Con l’avvicinarsi del referendum, la dinamica chiave del dibattito è chiara. La destra conservatrice vede una sconfitta per The Voice come un’opportunità per sferrare un colpo devastante al sostegno ai diritti degli indigeni tra la popolazione australiana. Nel processo, sta facendo rivivere ogni mito razzista presente nel copione: gli indigeni non dovrebbero ottenere “privilegi speciali”; opporsi al razzismo anti-aborigeno sta in realtà “dividendo la nazione”; e la colonizzazione dell’Australia ebbe solo un “impatto positivo”, secondo le parole di Jacinta Price.

La stessa proposta di Voice è un superficiale simbolismo, e la campagna per sostenerla da parte del governo laburista, delle ONG, di importanti figure indigene e delle multinazionali australiane è senza dubbio moderata e conservatrice. Tuttavia, se dovesse prevalere il voto contrario, sarebbe quasi certamente un passo indietro per gli indigeni. Il messaggio che invierà è che anche i gesti puramente simbolici a favore dei diritti degli indigeni devono essere abbandonati in quanto troppo radicali. Questa sarà probabilmente una situazione peggiore in cui continuare la lotta per i diritti degli indigeni rispetto a quella in cui si troverebbe se vincesse il voto Sì.

Per la sinistra, quindi, la scelta, sebbene lontana dall’essere ideale, dovrebbe essere chiara. Qualunque siano le critiche che abbiamo nei confronti della Voce, dobbiamo sostenere un voto Sì. Sembra che la maggior parte delle persone di sinistra sia d’accordo con questa proposta, compreso il 77% degli elettori verdi e il 57% dei sostenitori laburisti, secondo un sondaggio di Redbridge di settembre.
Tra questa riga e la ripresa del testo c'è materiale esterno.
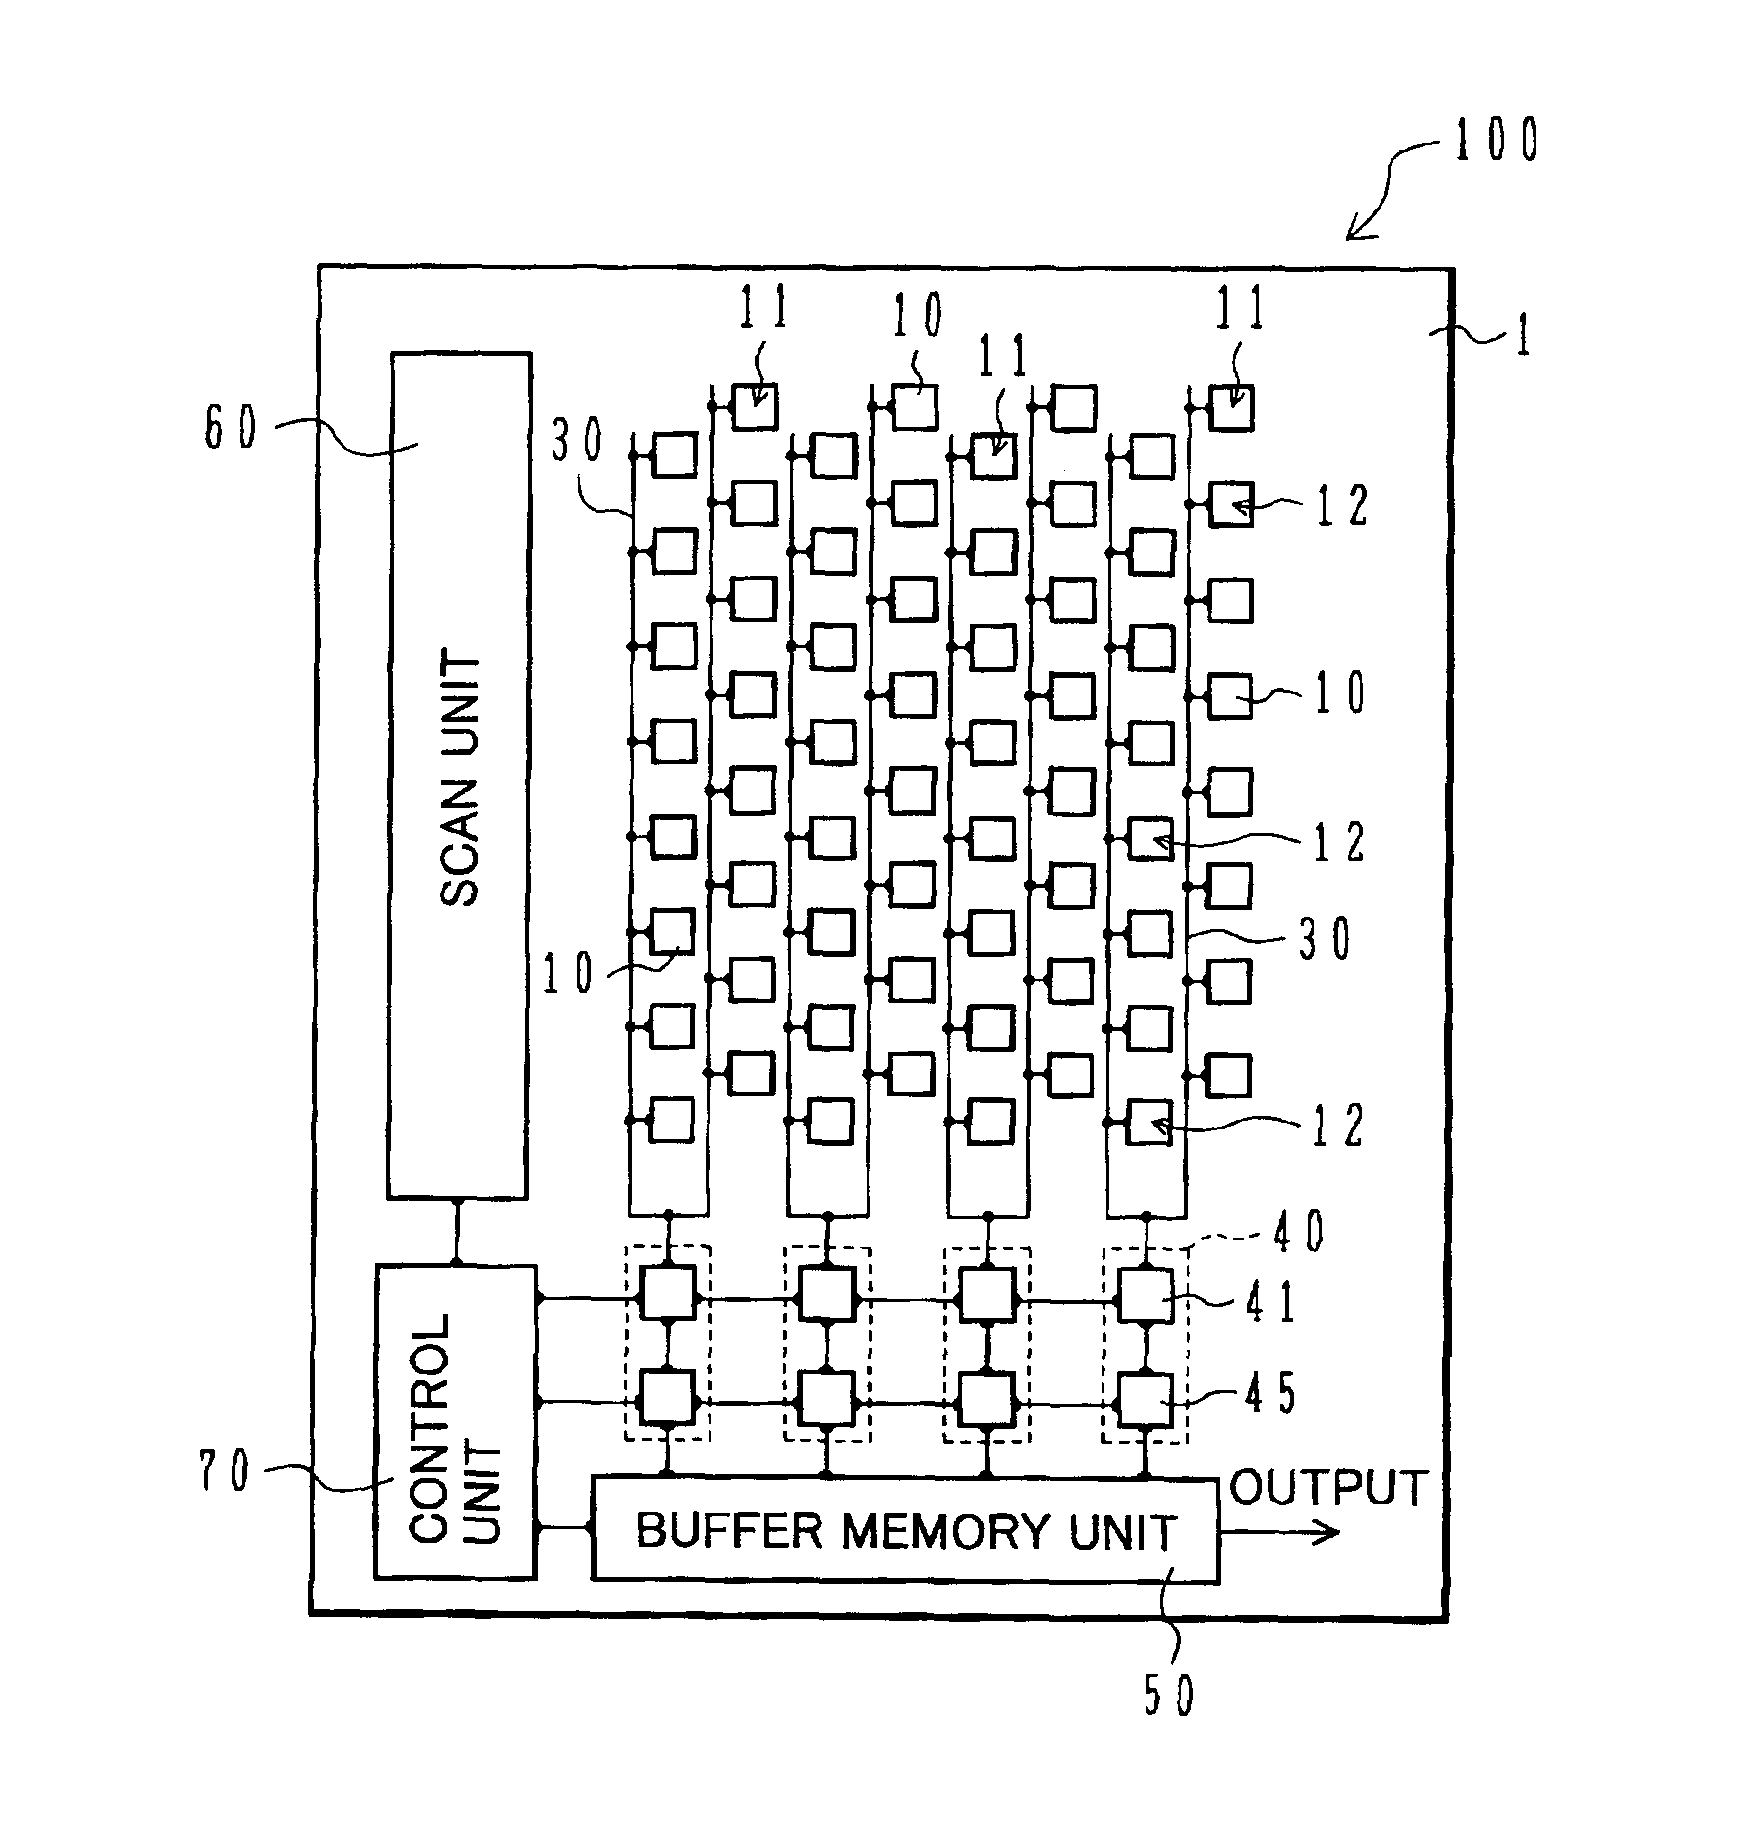 MOS type image pickup device having pixel interleaved array layout and one analog to digital conversion unit provided per each pair of adjacent photoelectric conversion columns

Un sondaggio di YouGov ha rilevato che l’83% degli indigeni sostiene il voto Sì.

Eppure una minoranza di persone di sinistra sostiene la campagna “progressista” del No. Questo approccio al referendum aiuterà solo la destra razzista a ottenere una vittoria contro gli indigeni.

Spesso, l’approccio è giustificato sulla base del fatto che un grande voto negativo rappresenterebbe un duro colpo per l’approccio centrista moderato alle questioni indigene sostenuto dal Partito laburista e aprirebbe lo spazio a prospettive più radicali. Ad esempio, Ben Abbatangelo, scrittore e giornalista di Gunaikurnai e Wotjobaluk, ha detto alla ABC che pensa che il voto del No potrebbe essere un momento positivo. “Sai, arriverà un incendio boschivo e devasterà l’intera scena”, ha affermato. “Ma torni in quel sito sei mesi dopo… e vedi quel verde esplodere.” Allo stesso modo, la Black Peoples Union sostiene: “Non tutti i No sono razzisti, ma ogni Sì è regressivo”.

Questa è roba da terra fantastica. Una mancata vittoria al referendum renderebbe molto probabilmente più difficile, e non più facile, la lotta per i diritti degli indigeni. Incoraggerebbe ogni razzista nel Paese e minerebbe la fiducia di coloro che sostengono gli indigeni.

Solo un piccolo numero di persone voterà contro la Voce su base progressiva. Un sondaggio del Guardian Essential di giugno ha rivelato che, tra gli oppositori della Voice, il 34% ha affermato che la loro principale obiezione era che avrebbe “diviso l’Australia”. Un altro 33% ritiene che ciò “conferirebbe agli indigeni australiani diritti e privilegi che gli altri australiani non hanno”. Il 26% ha affermato che una Voce “non farà una reale differenza per gli indigeni comuni”; tuttavia, questo è un punto di discussione ripreso anche dalla destra, sostenendo che agli indigeni non interessa “svegliarsi”. problemi.

La campagna “progressista” del No minimizza pericolosamente la realtà della reazione razzista scatenata dalle forze ufficiali del No. In una dichiarazione sul suo sito web, la Black Peoples Union sostiene: “Gli attivisti del Sì non sono in contatto con la realtà se pensano che un voto No incoraggerà il razzismo”.

Ciò va contro la realtà non solo di ciò che probabilmente significheranno i risultati del referendum, ma anche dell’impatto che la campagna di destra per il “No” sta già avendo. Gli esponenti della destra hanno sfruttato l’atmosfera razzista prodotta dalla loro campagna per spingere ogni sorta di attacco ai diritti degli indigeni.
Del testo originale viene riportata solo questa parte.